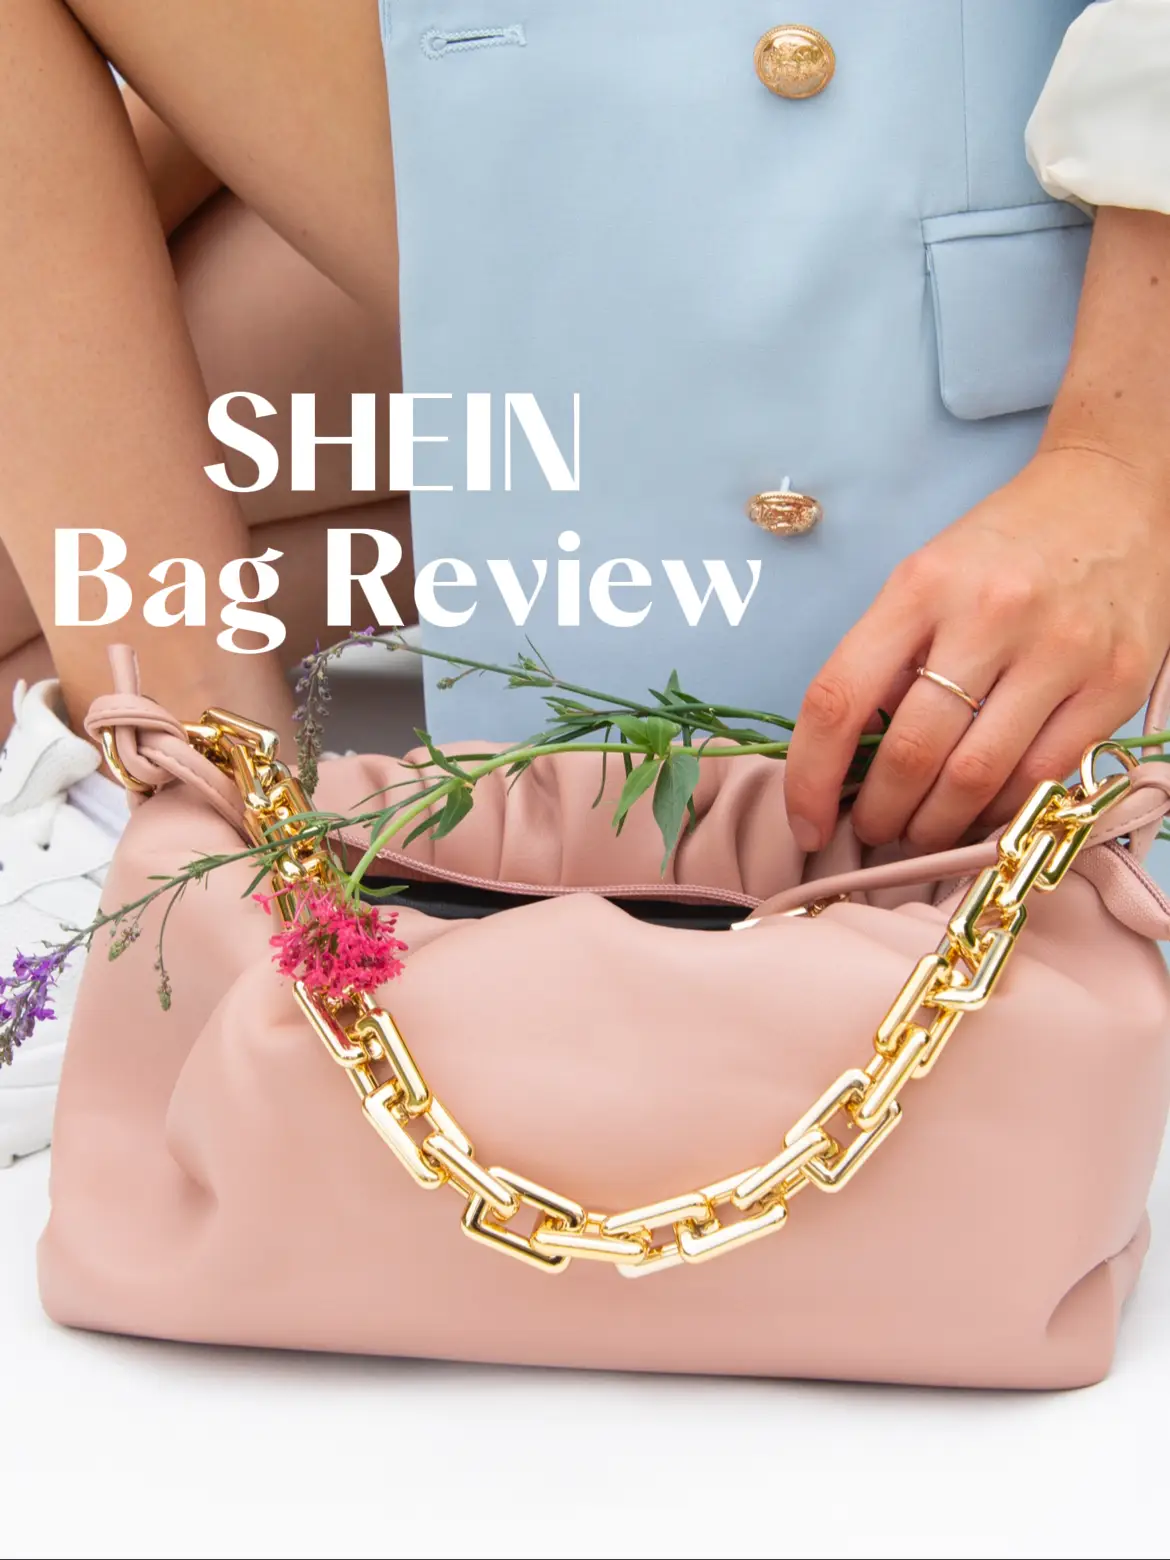 SHEIN BAG REVIEW 🖤, Gallery posted by Becki Ball
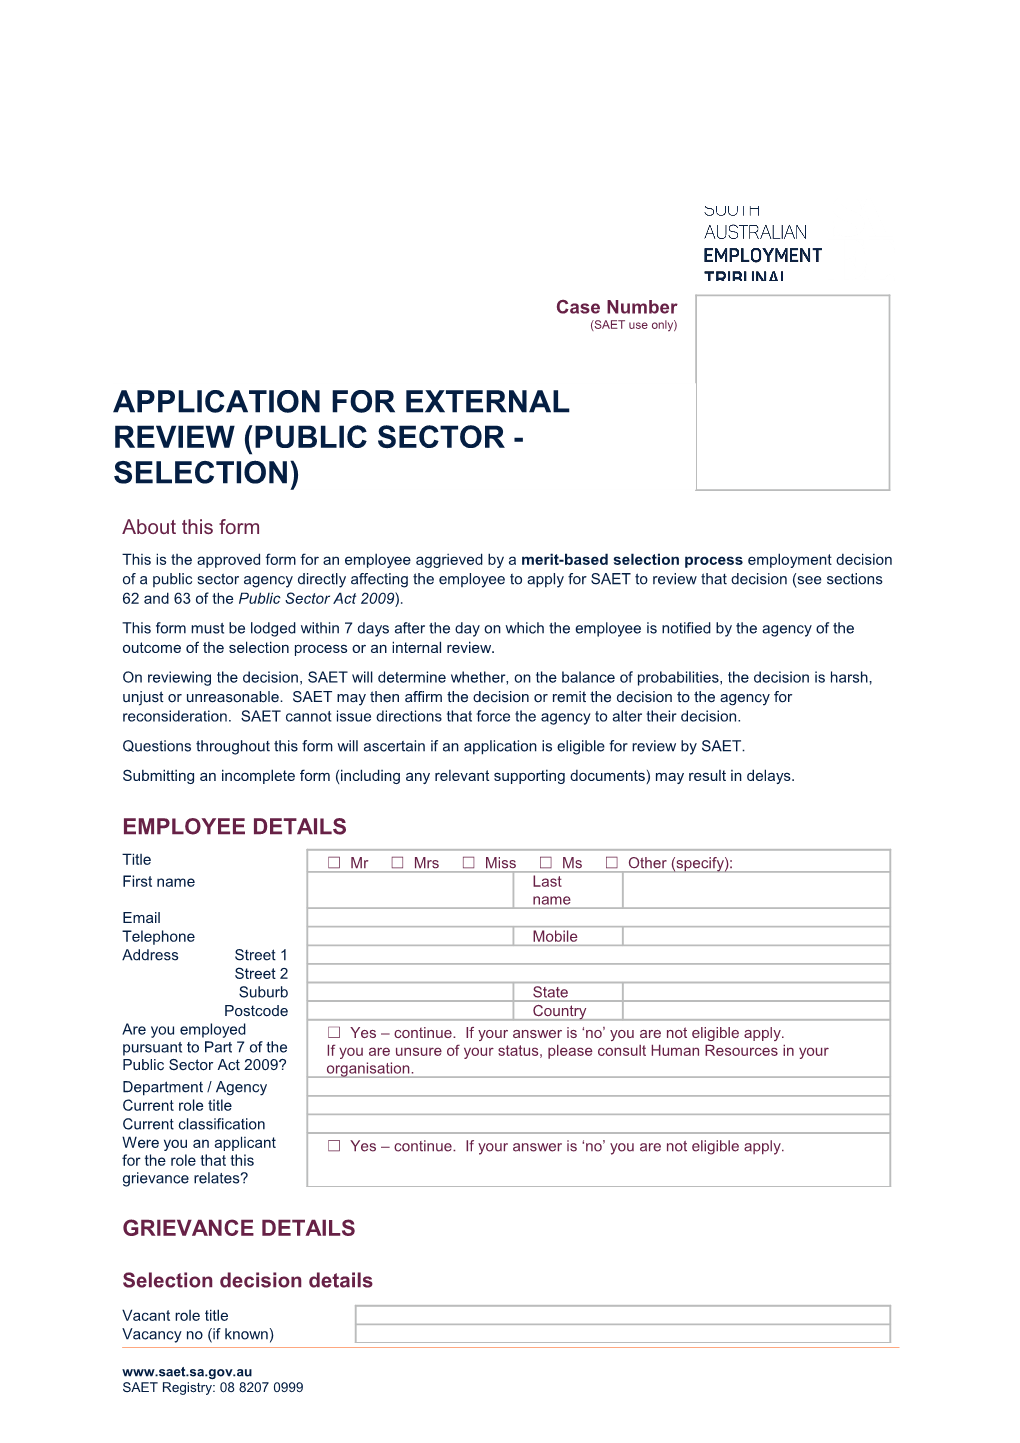 Application for External Review (Public Sector - Selection)
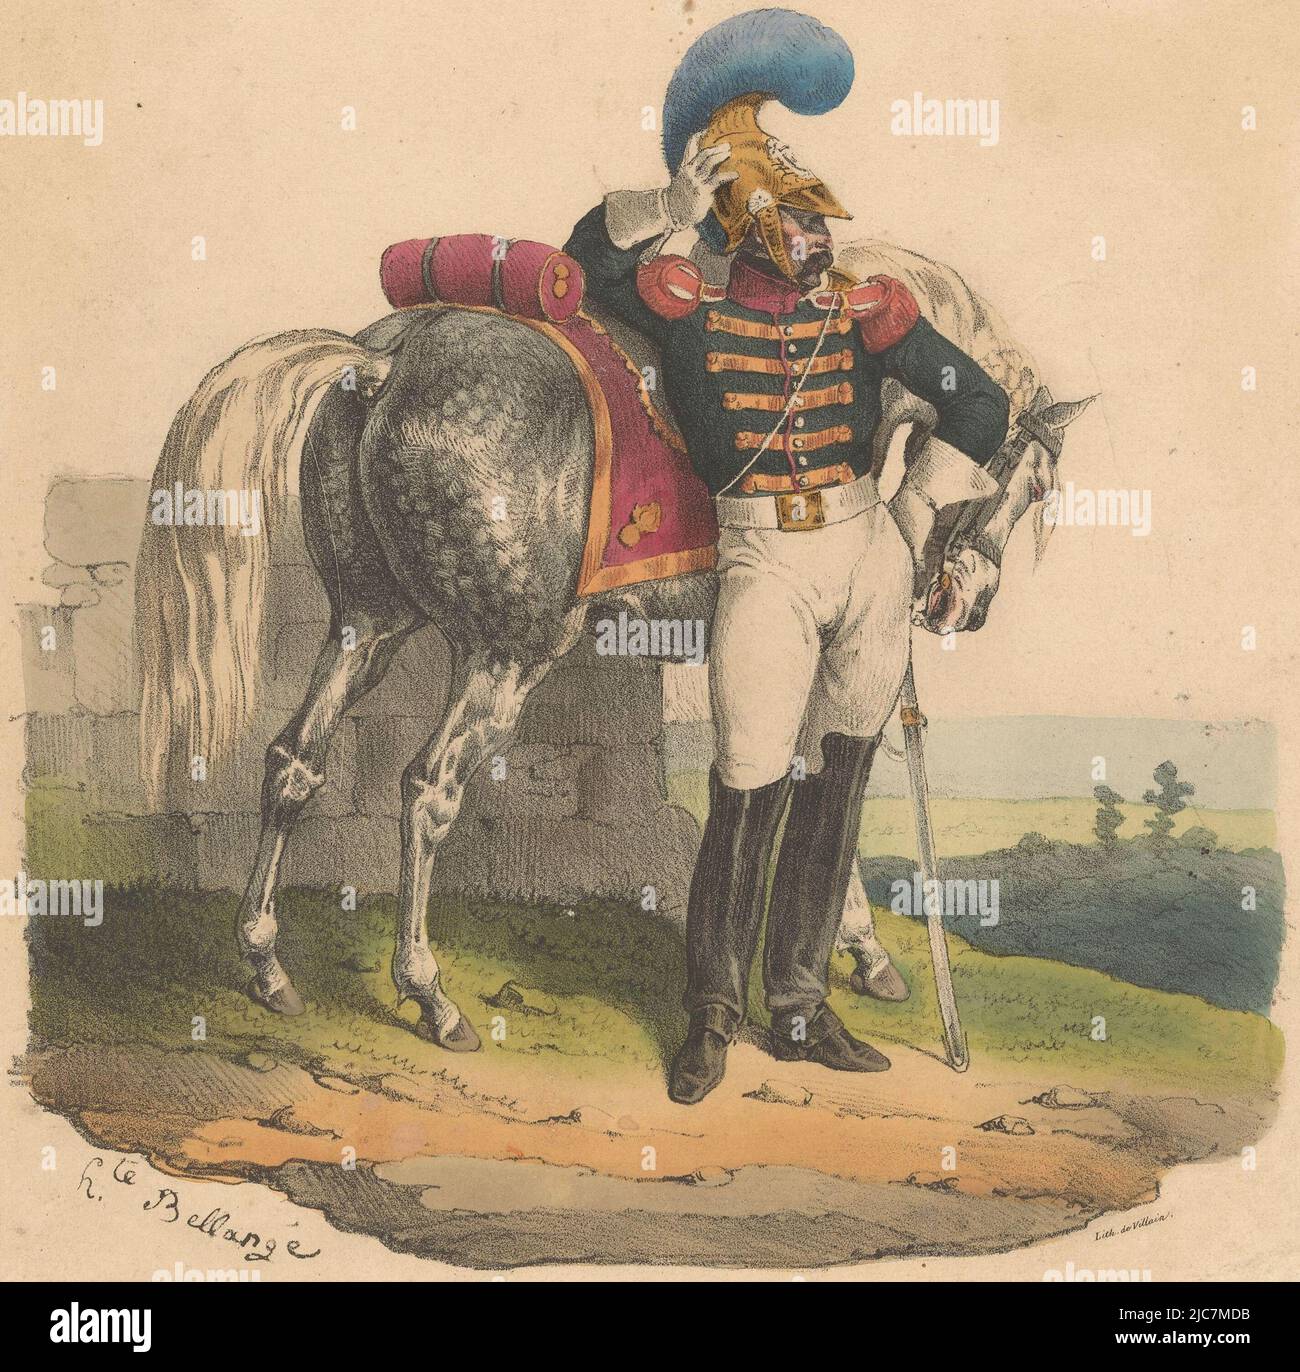 Trumpeter of the carabiniers with horse Trompette des carabiniers , print maker: Hippolyte Bellangé, (mentioned on object), printer: François Jean Villain, (mentioned on object), Paris, 1818 - 1852, paper, h 286 mm × w 249 mm Stock Photo

DIRECTIONS:
Begin at the line containing "Application for External" and stop at the last line of the data. Repeat only those lines, exactly, and leave out the pictures.

EXERCISE OUTPUT:
 Application for External Review (Public Sector - Selection)
 Trumpeter of the carabiniers with horse Trompette des carabiniers , print maker: Hippolyte Bellangé, (mentioned on object), printer: François Jean Villain, (mentioned on object), Paris, 1818 - 1852, paper, h 286 mm × w 249 mm Stock Photo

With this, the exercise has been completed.